The Barranquilla-based criminal defense attorney responded by vowing to challenge the court’s decision through legal channels while openly encouraging supporters to continue using the symbols in question.

“Every cellphone, every national team jersey, every video saying ‘Firmes por la Patria’ is a cry for freedom,” he declared during a campaign rally in Cartagena. “The justice system will have to imprison half the country.”

His VP running mate, former Finance Minister José Manuel Restrepo, framed the issue as one of individual liberties.

“I will wear this jersey whenever I want, wherever I want and as many times as I want,” Restrepo wrote on social media. “The free development of personality and individual freedoms are fundamental principles of our democracy.”

For supporters of the judicial decisions, however, the issue is not freedom of expression but the monopolization of symbols that should unite Colombians regardless of ideology.

“The national team belongs to everyone,” Cepeda argued while receiving the endorsement of supporters’ groups linked to professional football clubs. “We cannot allow anyone to steal it and claim that it exclusively represents their ideals.”

The dispute raises difficult constitutional questions.

Can the state determine how citizens express patriotism during an election campaign?
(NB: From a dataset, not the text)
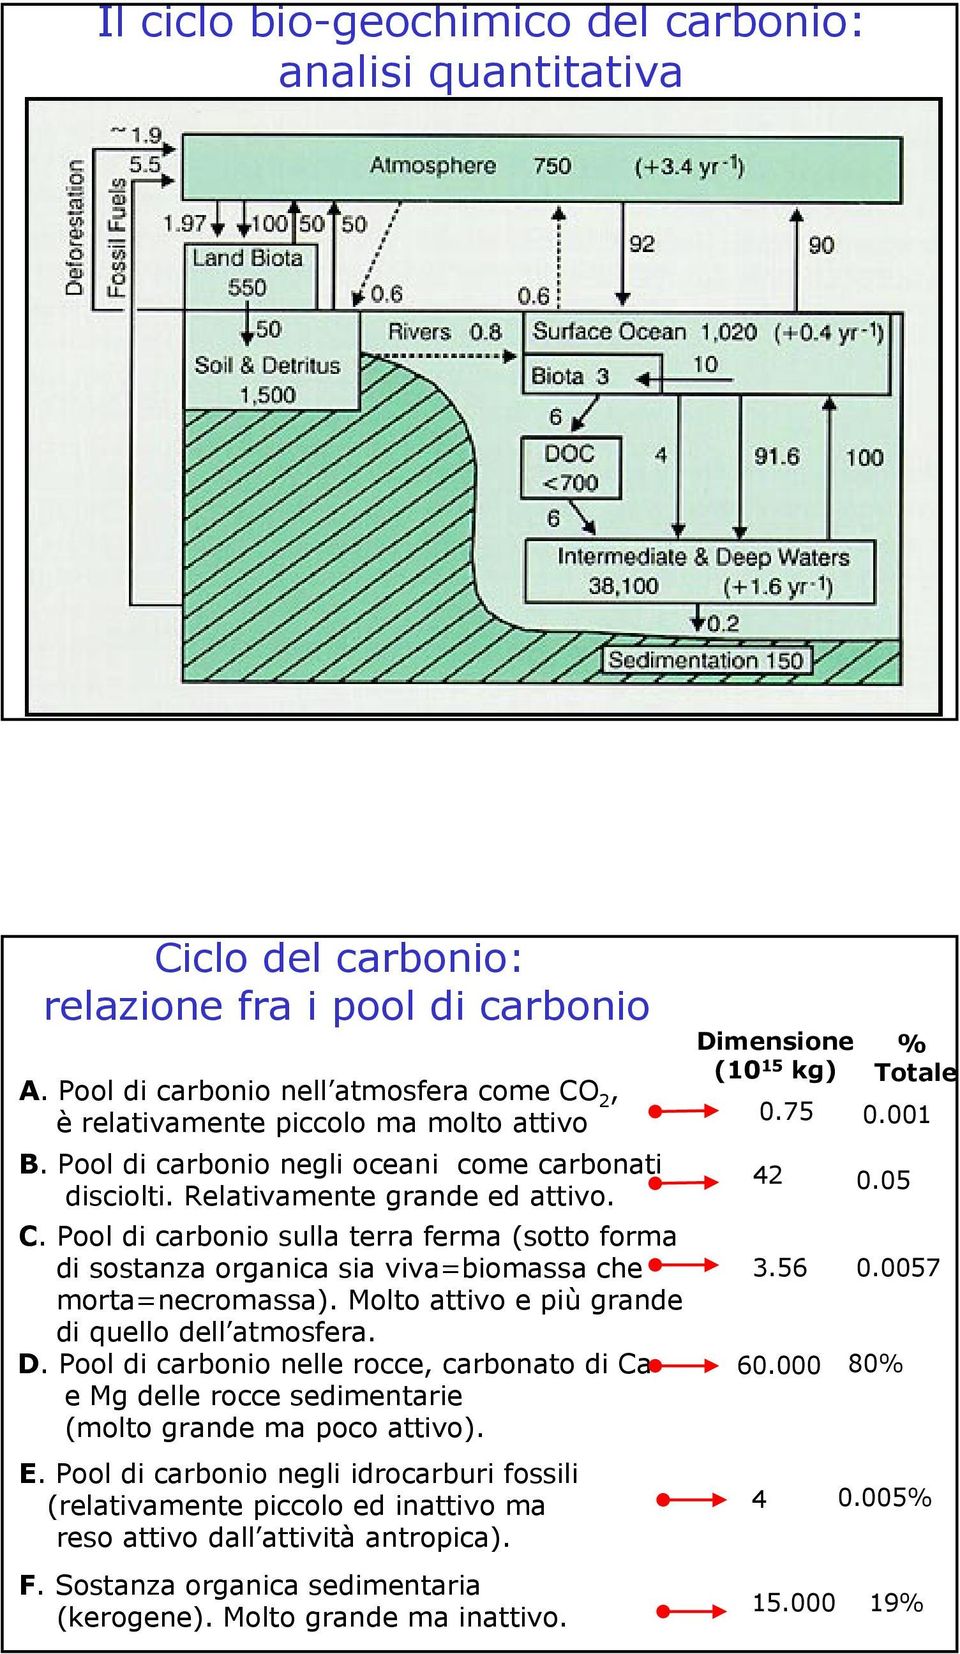 Molto attivo e più grande di quello dell atmosfera. D. Pool di carbonio nelle rocce, carbonato di Ca e Mg delle rocce sedimentarie (molto grande ma poco attivo). E.

At what point does the regulation of political messaging become an infringement upon freedom of expression? Should national symbols be treated differently from other forms of political speech?

Perhaps most significantly, critics have pointed to what they view as an inconsistency in the application of these principles.

If the Executive has been permitted to invoke Simon Bolívar’s sword, protect cultural “relics” such as the sombrero of the M-19’s commander Carlos Pizarro, should ordinary citizens face judicial restrictions for wearing the jersey of the national football team?

The timing only intensifies the debate. Presidential elections in Colombia have frequently coincided with football’s greatest tournaments. Politicians across the ideological spectrum have sought to harness the emotional power of the yellow jersey, a garment that has become one of the country’s most potent expressions of shared identity.

De la Espriella’s use of the national team jersey constitutes not only strategic political branding but it has also caught the Cepeda camp unprepared to deal with the mass outpouring of patriotic sentiment.

As the World Cup begins and millions of Colombians prepare to cheer for their national team before returning to the polls days later, the yellow jersey has become something few could have anticipated: the latest battleground in Colombia’s struggle over identity, democracy and the boundaries of liberty.

The real question may not be whether a presidential candidate should wear Colombia’s tri-colours. It may be whether the court’s ruling may prompt many more citizens to do so, especially on voting day.

Richard Emblin

Richard Emblin is the director of The City Paper.